→ **EXTRACTED MATERIAL**
────────────────────

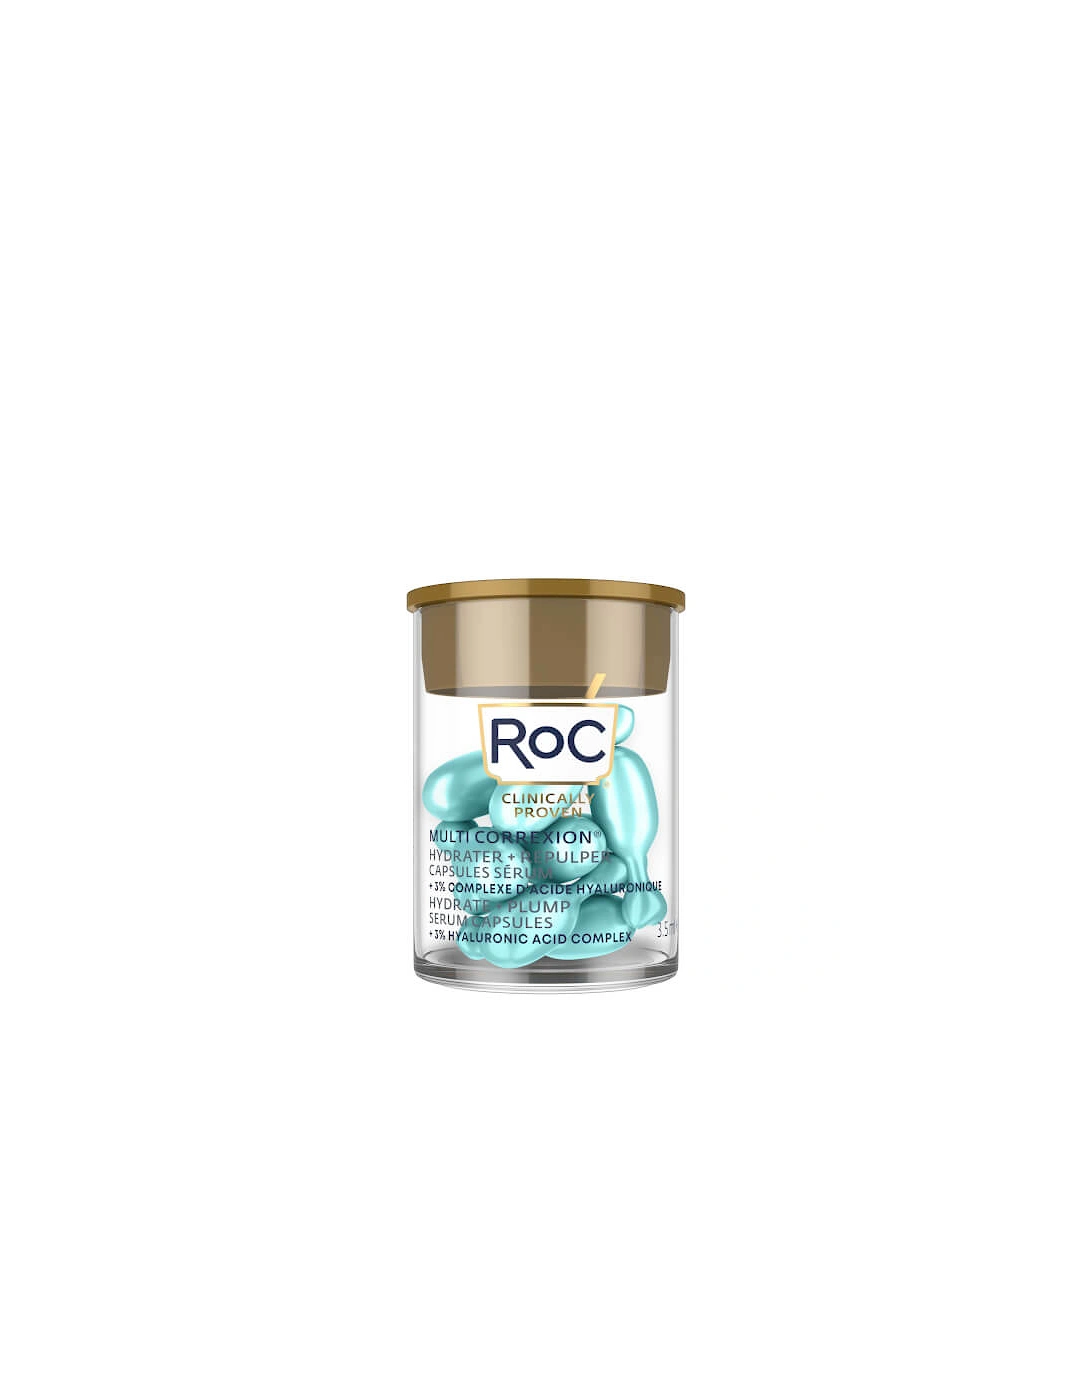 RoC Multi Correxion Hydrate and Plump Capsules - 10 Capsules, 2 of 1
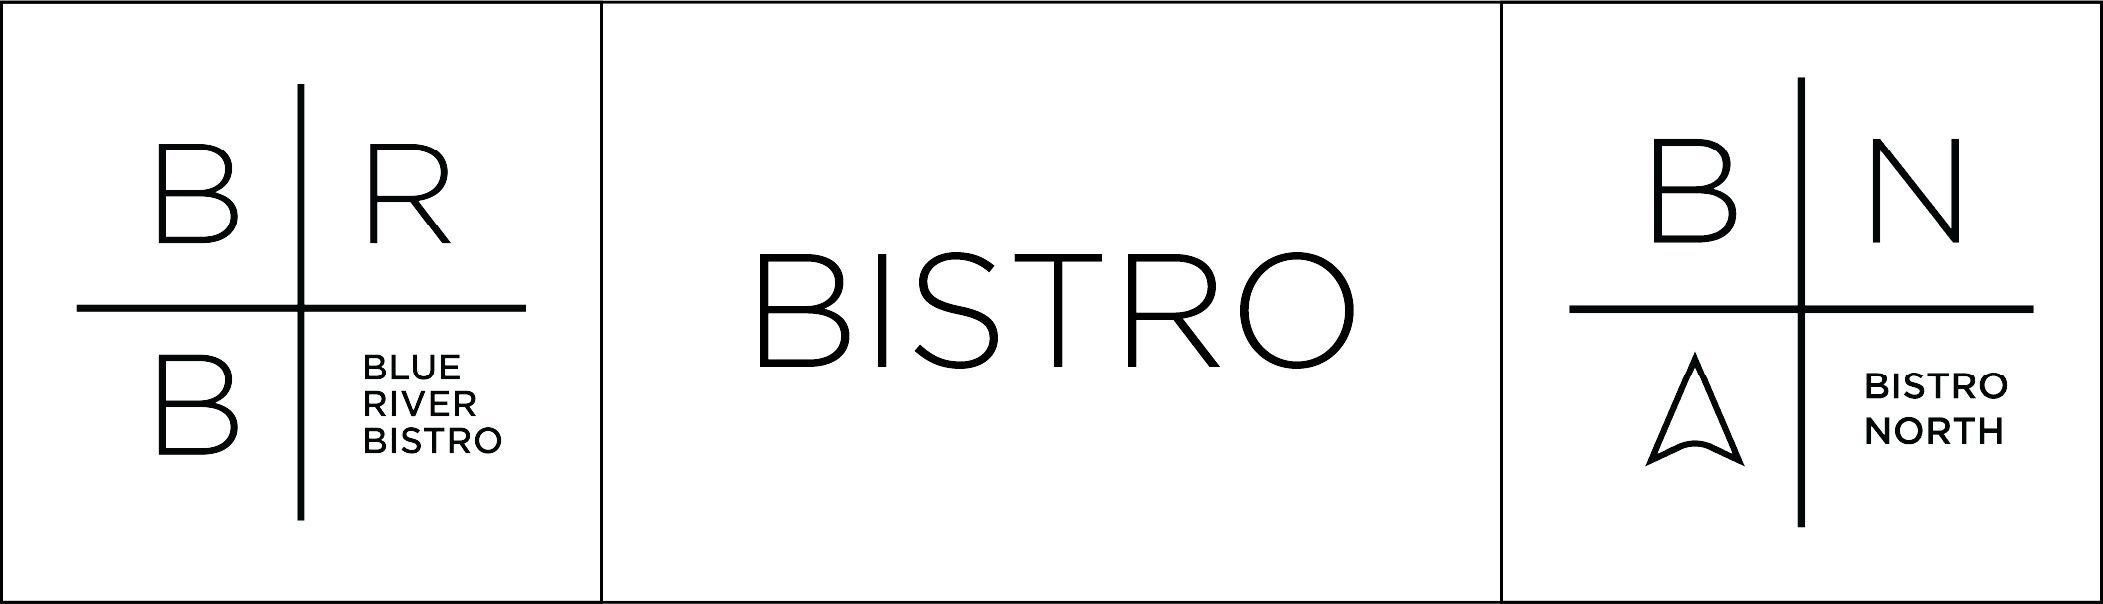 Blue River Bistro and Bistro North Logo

────────────────────

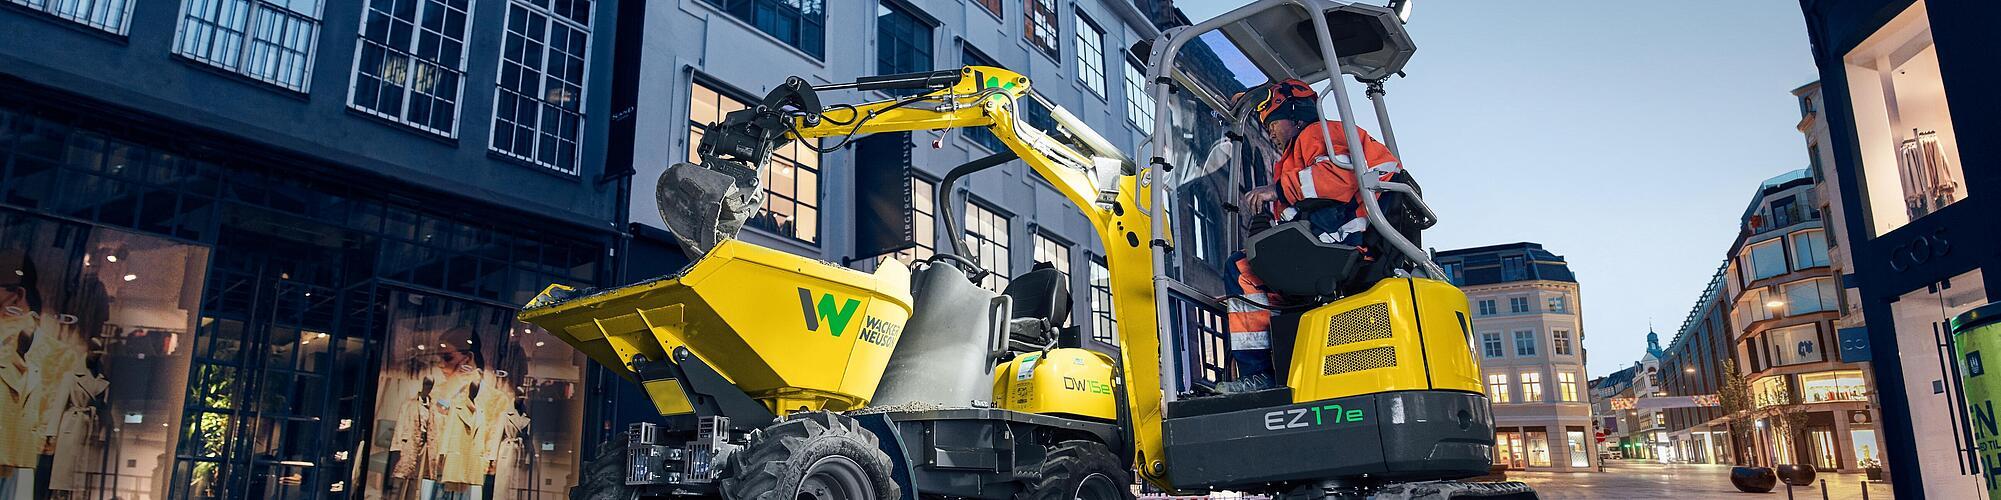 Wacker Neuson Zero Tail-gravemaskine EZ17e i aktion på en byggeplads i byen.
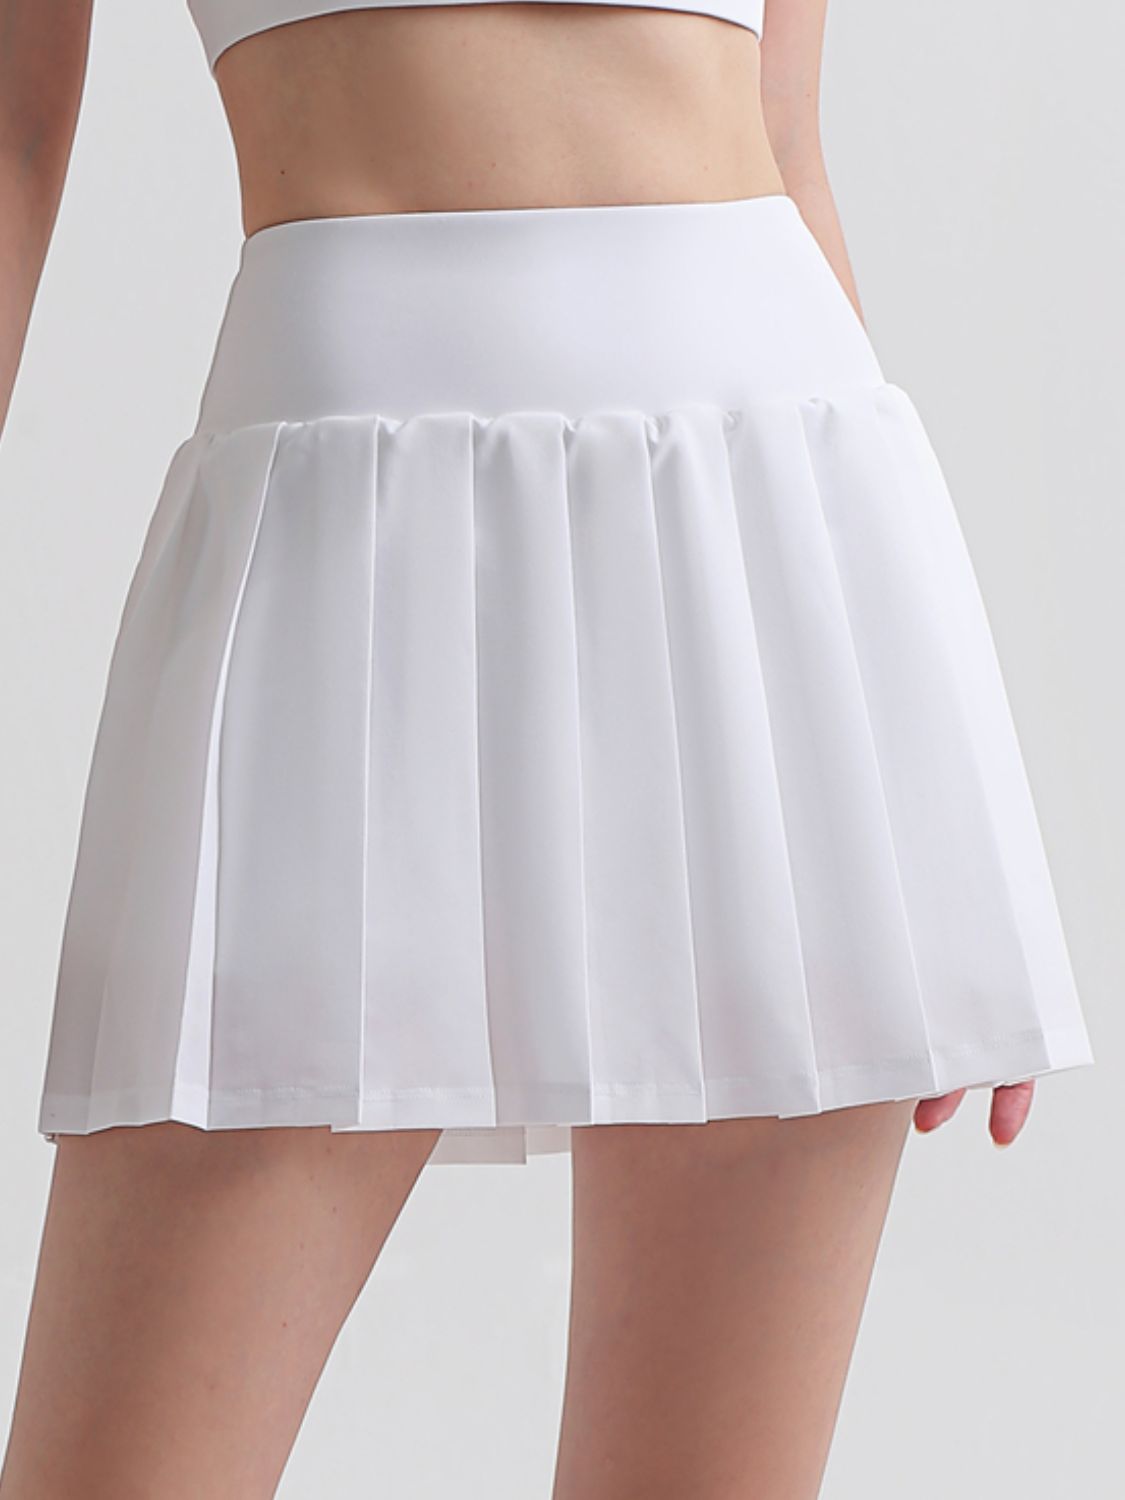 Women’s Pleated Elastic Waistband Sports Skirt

────────────────────

→ **ACTIVITY**
What lines above run from the one with "Wacker Neuson Zero" to the one with "Women’s Pleated Elastic"? Give them again exactly, ends included, and leave the pictures out.

→ **PROBLEM SOLUTION**
 Wacker Neuson Zero Tail-gravemaskine EZ17e i aktion på en byggeplads i byen.
 Women’s Pleated Elastic Waistband Sports Skirt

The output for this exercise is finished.